- RECORDED INFORMATION -
/---

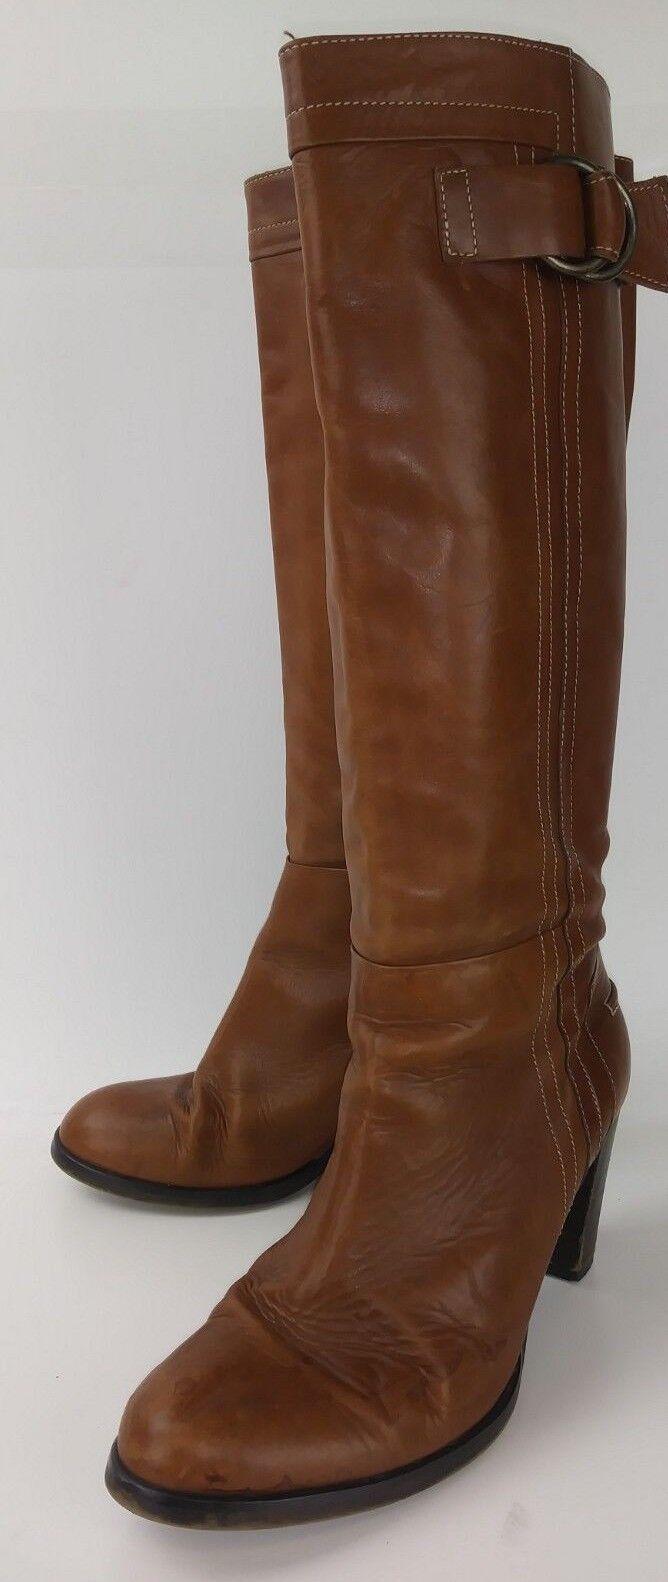 Damenschuhe 2009006 Stiefel Tall US 9 Braun Leder Casual Heels  2780
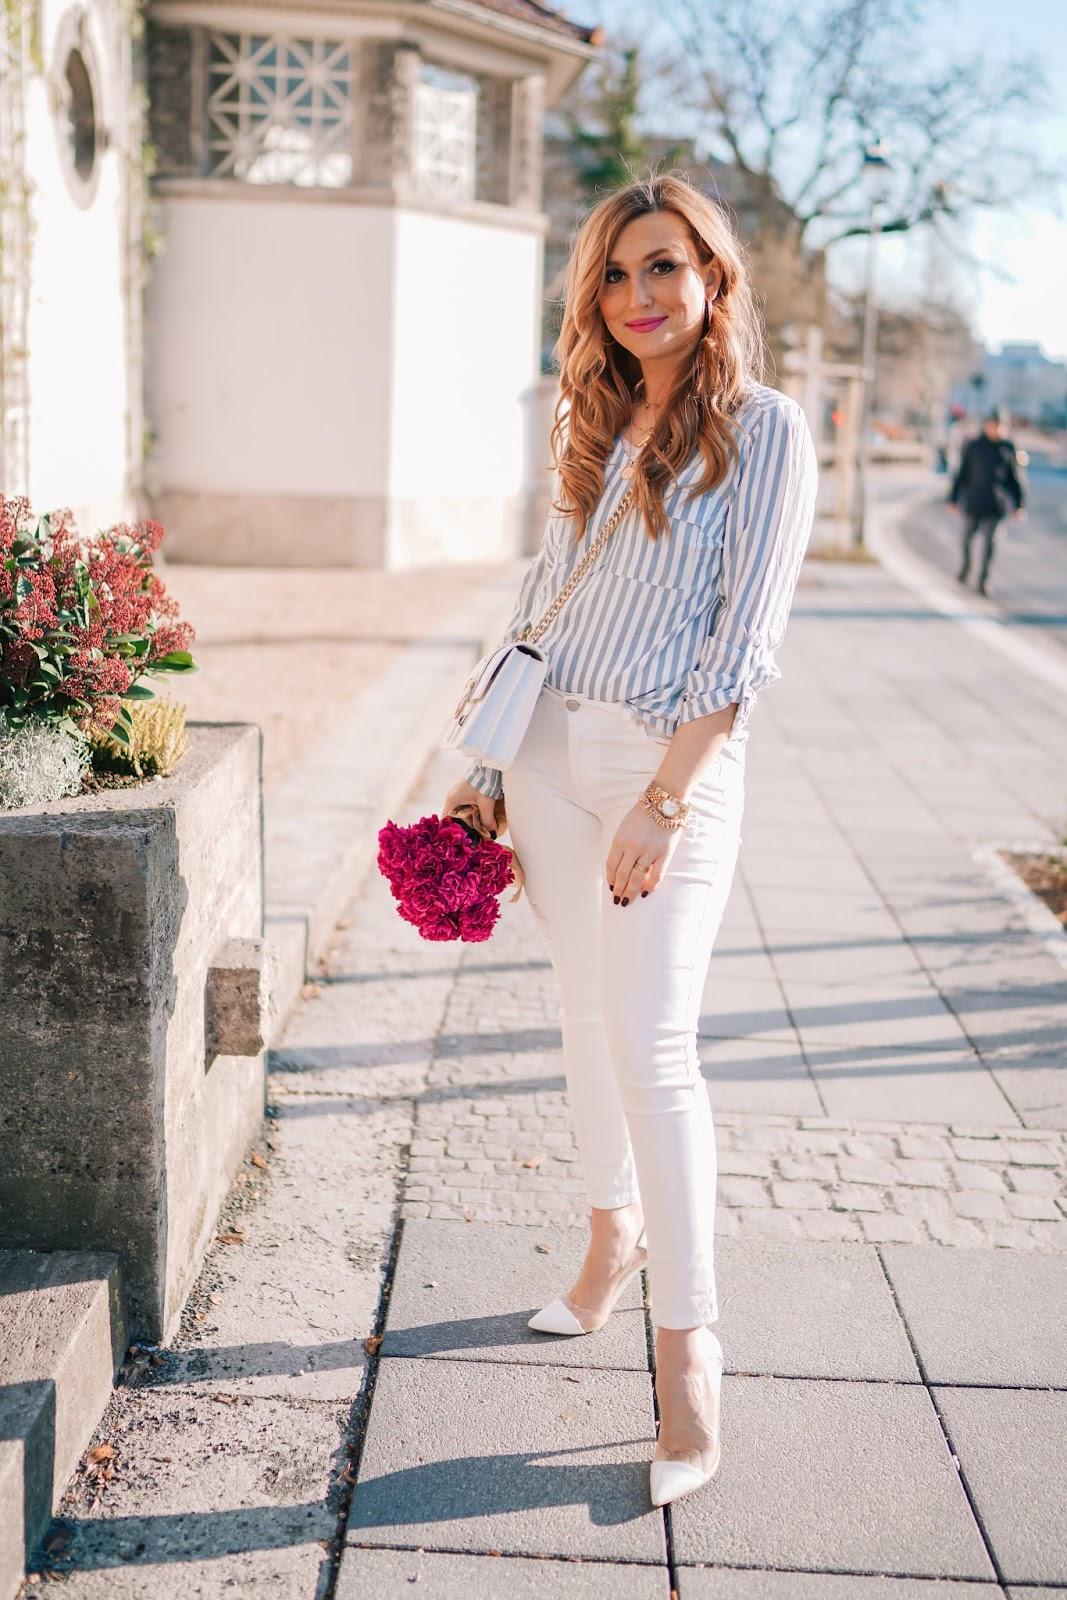 gestreifte-bluse-blau-gestreifte-bluse-frühlingsoutfit-springoutfit-weiße-pumps-weiße-jeans-fashionstylebyjohanna (3)
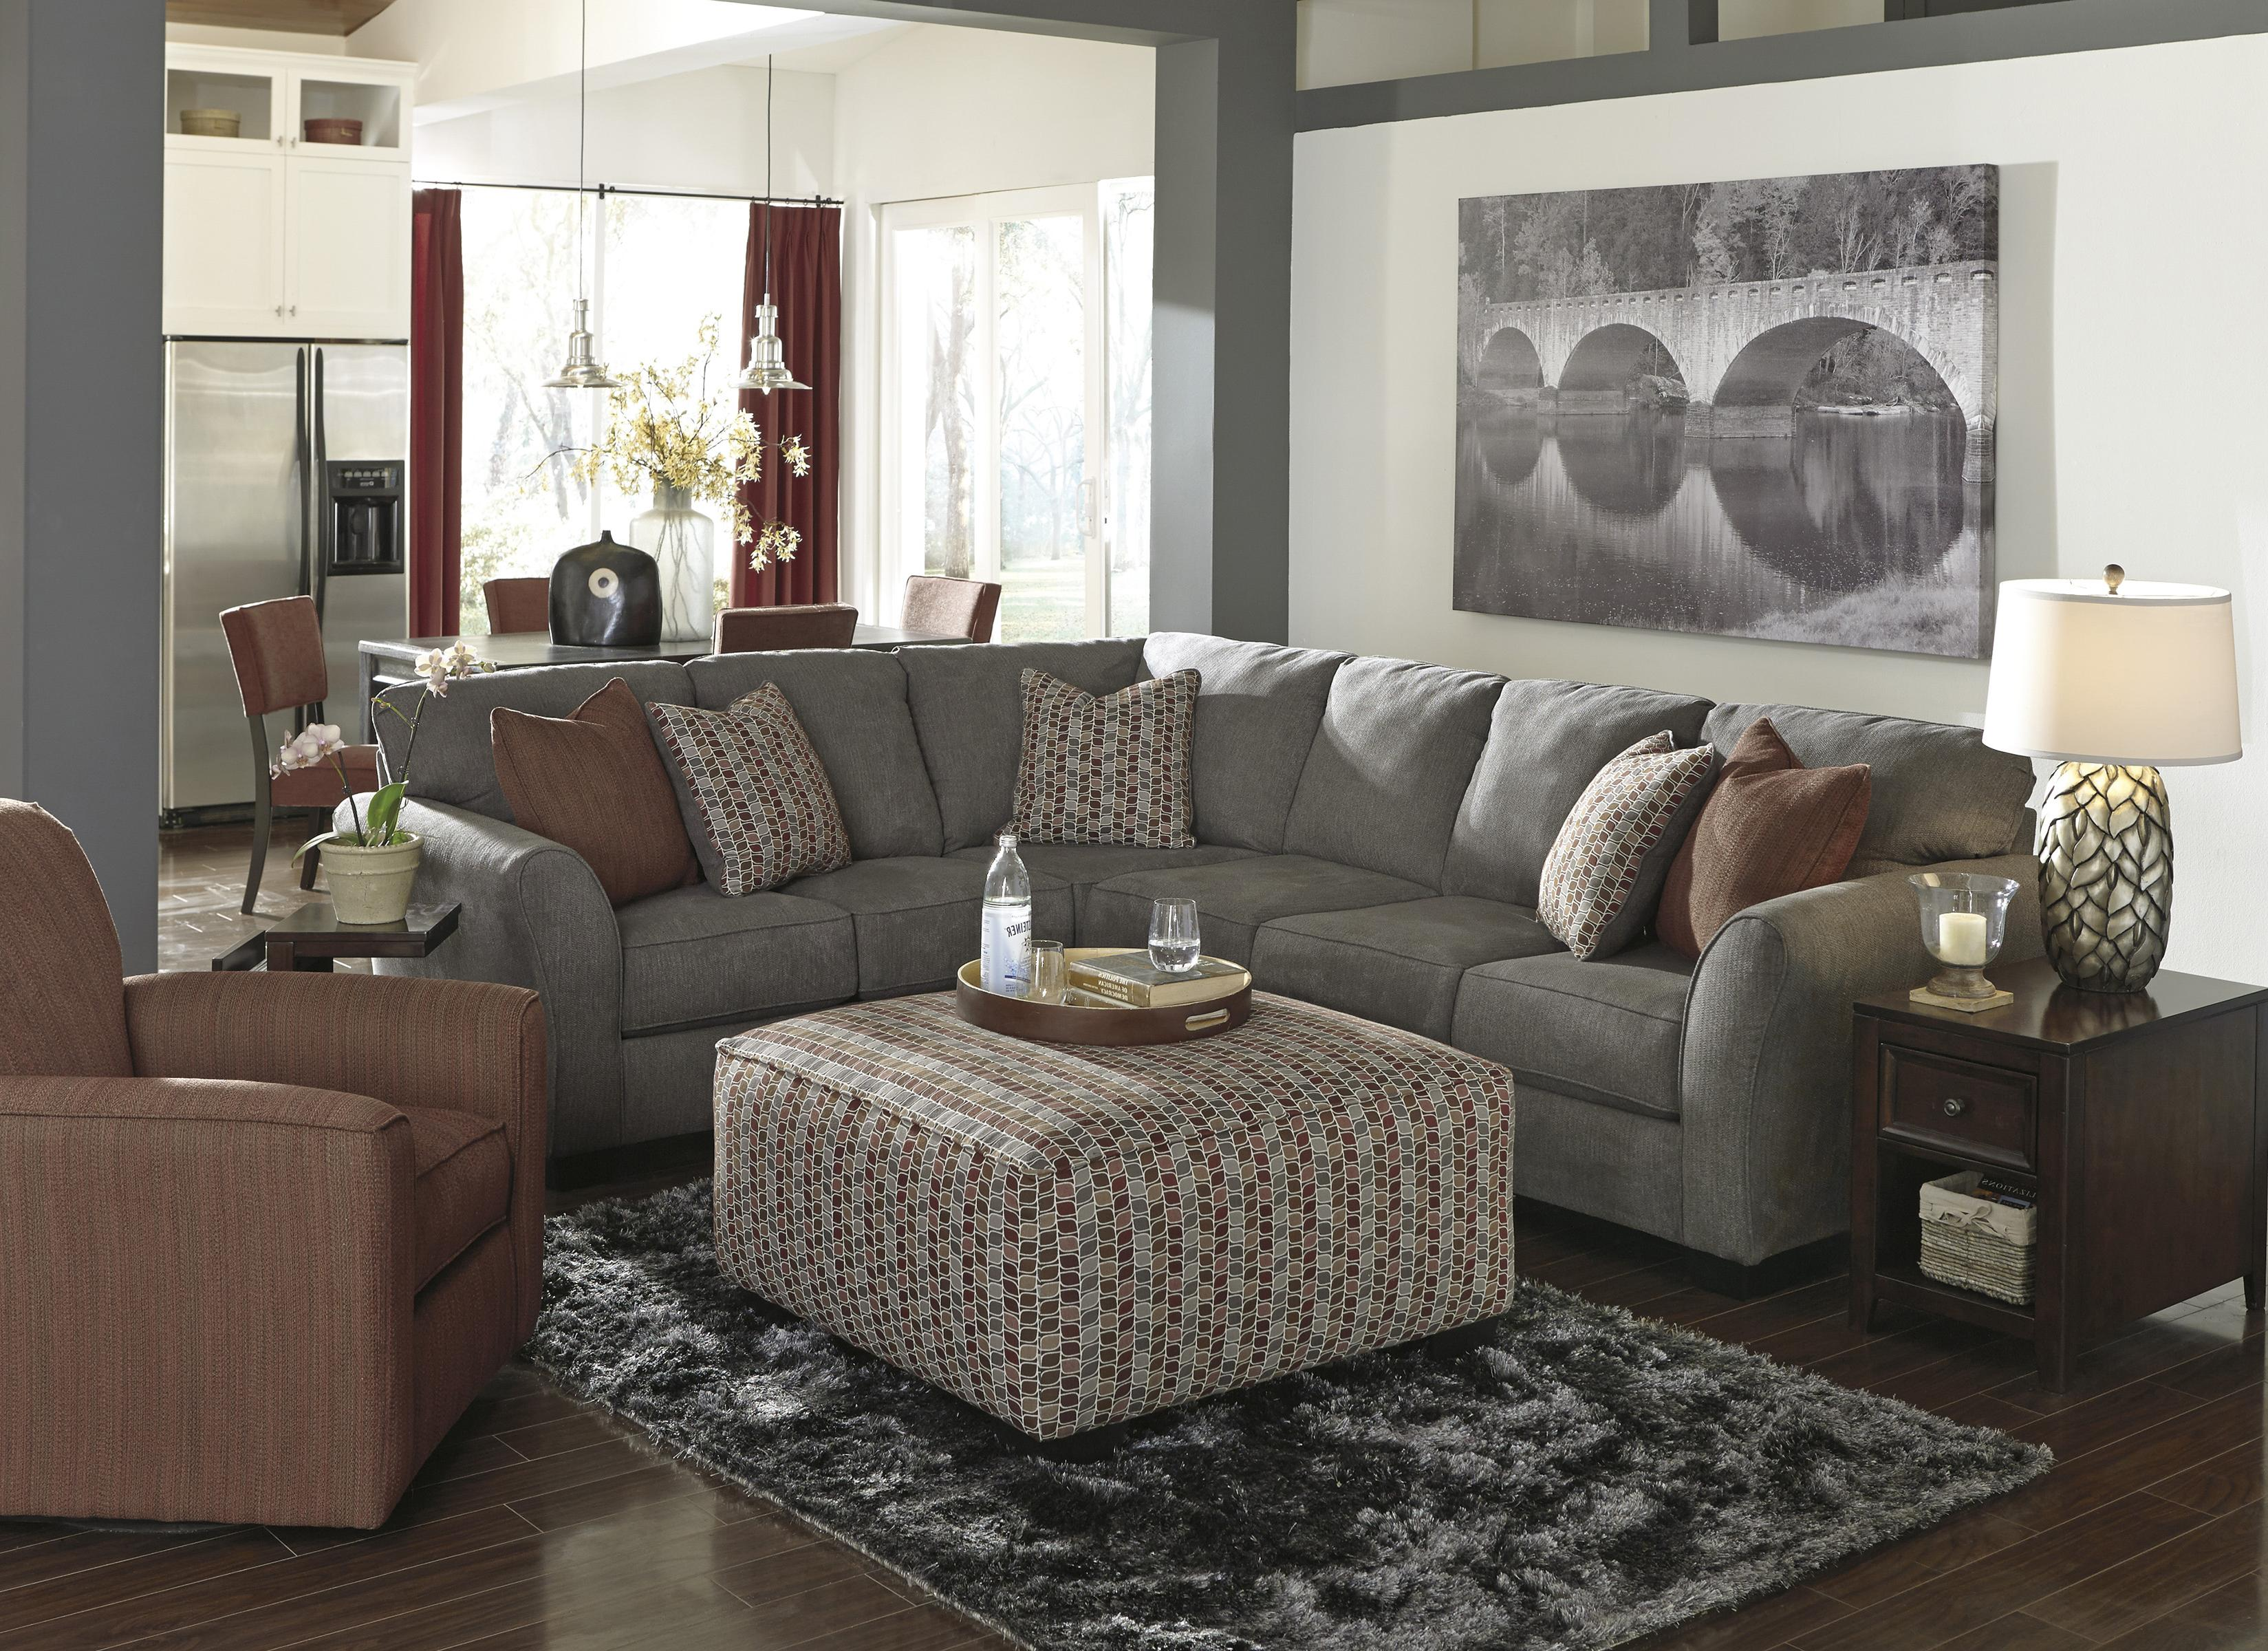 Benchcraft Doralin - Steel Stationary Living Room Group - Item Number: 86800 Living Room Group 2

\---

- TASK ITEM -
What you return should be the exact lines from the one containing "gestreifte-bluse-bla" through the end of the listing above, both included, minus any pictures.

- ANSWER TO THE PROBLEM -
 gestreifte-bluse-blau-gestreifte-bluse-frühlingsoutfit-springoutfit-weiße-pumps-weiße-jeans-fashionstylebyjohanna (3)
 Benchcraft Doralin - Steel Stationary Living Room Group - Item Number: 86800 Living Room Group 2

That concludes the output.